Yang menarik, Ripple kini berada tepat di bawah beberapa perusahaan swasta paling berharga di dunia. SpaceX memimpin peringkat global dengan perkiraan valuasi sekitar $1,5 triliun, menjadikannya perusahaan swasta paling berharga dan salah satu kandidat IPO yang paling dinantikan tahun 2026.
OpenAI mengikuti dengan perkiraan valuasi mendekati $830 miliar, sebagian besar karena putaran pendanaan sebesar $40 miliar yang dipimpin oleh SoftBank dan dukungan lama dari Microsoft serta investor besar lainnya.
Ripple Menempati Posisi Kesembilan di Antara Unicorn Terbesar di DuniaSementara itu, ByteDance, yang mengoperasikan TikTok, menempati posisi ketiga dengan sekitar $480 miliar. Perusahaan lain yang lebih besar dari Ripple termasuk Anthropic sekitar $230 miliar, Databricks $160 miliar, Stripe $120 miliar, Revolut $90 miliar, dan Shein $55 miliar. Canva menyamai Ripple dengan sekitar $50 miliar.
Berbeda dengan rekan-rekannya di bidang kecerdasan buatan, fintech, dan e-commerce, Ripple menonjol dalam daftar sebagai satu-satunya perusahaan infrastruktur pembayaran berbasis blockchain dalam sepuluh besar global.
Valuasi saat ini berasal dari beberapa tahun pengambilan keputusan modal yang penting. Misalnya, pada 2022, perusahaan membeli kembali saham dengan valuasi implisit sekitar $15 miliar.
Selain itu, pada awal 2024, Ripple melakukan pembelian kembali saham lain dengan valuasi $11,3 miliar. Sementara itu, pada November 2025, Ripple mengumpulkan dana sebesar $500 juta melalui investasi ekuitas strategis yang menilai perusahaan sebesar $40 miliar pasca uang.

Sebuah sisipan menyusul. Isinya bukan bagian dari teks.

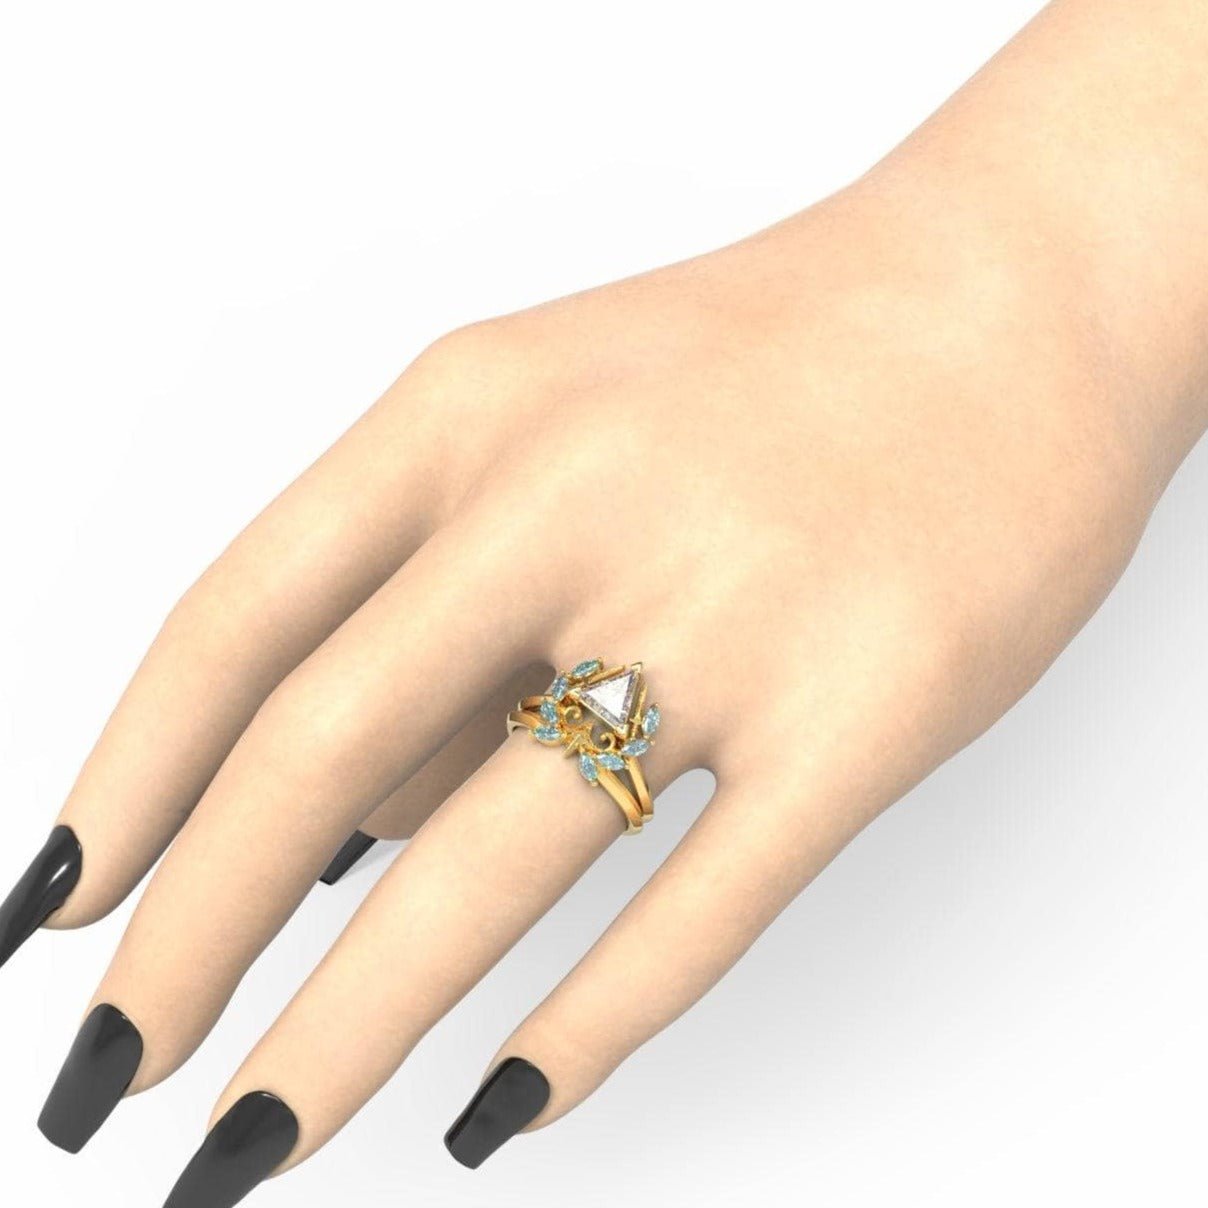 Light Mage Ring Set- 14k Rose Gold Video Game Inspired Rings - Black Diamonds New York

Afiliasi Fortress Investment Group dan Citadel Securities memimpin kesepakatan ini, dengan Pantera Capital, Galaxy Digital, Brevan Howard, dan Marshall Wace juga berpartisipasi. Ini menandai penggalangan modal terbesar Ripple sejak 2019 dan mengikuti penyelesaian sengketa hukumnya dengan regulator AS.

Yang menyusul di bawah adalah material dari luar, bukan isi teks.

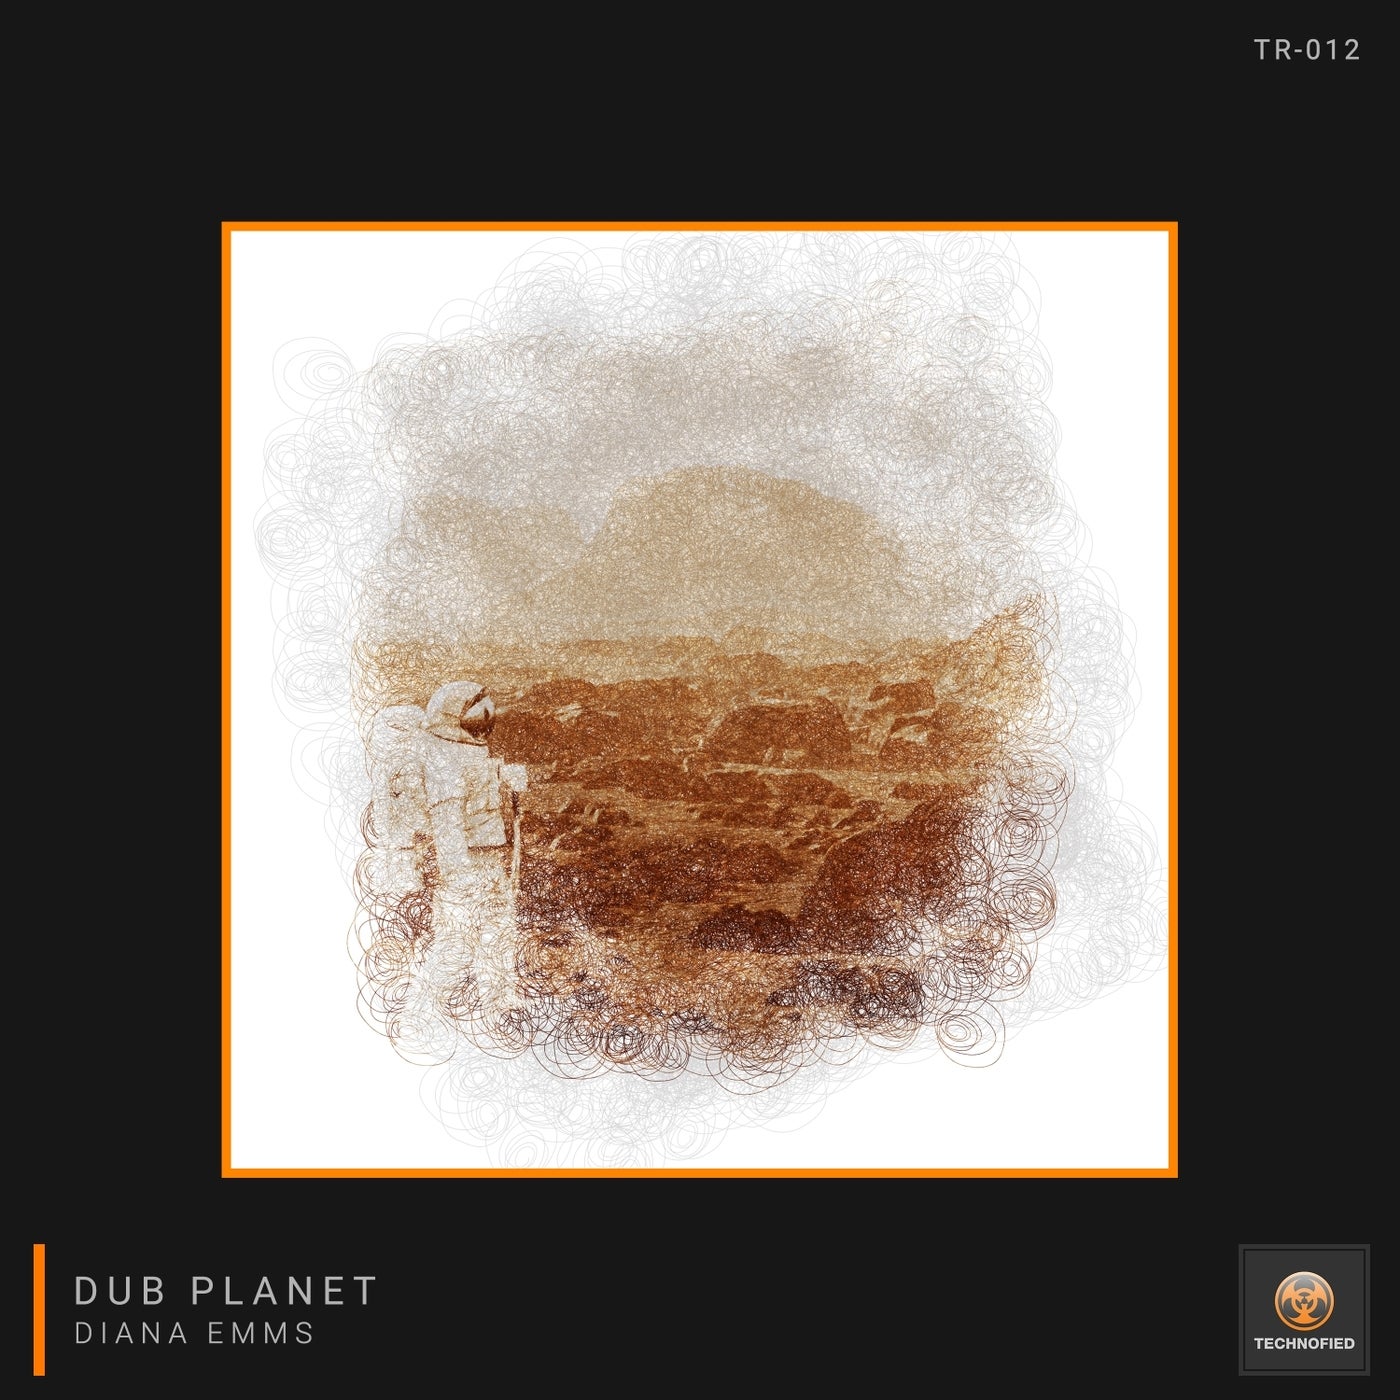 Dub Planet

Total pendanaan historis Ripple kini melebihi $800 juta, dengan beberapa perkiraan menempatkan angka mendekati $893 juta berdasarkan data industri yang digabungkan. Perkiraan terbaru menunjukkan bahwa valuasi telah meningkat dari $40 miliar di Q4 2025 menjadi $50 miliar, menjadikan Ripple unicorn terbesar kesembilan di dunia.
Meskipun valuasinya yang meningkat dan profil global yang semakin besar, eksekutif Ripple secara konsisten menegaskan bahwa mereka tidak berencana melakukan penawaran umum perdana dalam waktu dekat. Pada November 2025, Presiden Ripple Monica Long menyatakan dengan jelas bahwa perusahaan tidak memiliki rencana dan jadwal untuk go public. Ia mengonfirmasi hal ini lagi pada Januari 2026.
Long menjelaskan bahwa Ripple tidak membutuhkan akses ke modal pasar publik untuk mendukung pertumbuhannya. Ia menyoroti neraca keuangan perusahaan yang kuat dan dukungan berkelanjutan dari investor lama dan baru sebagai cukup untuk ekspansi jangka panjang.
Komentar sebelumnya dari CEO Brad Garlinghouse menyarankan bahwa Ripple mungkin mempertimbangkan IPO setelah kejelasan regulasi muncul. Namun, pernyataan yang lebih baru telah menggantikan pandangan tersebut. Ripple kini menganggap listing publik sebagai prioritas rendah.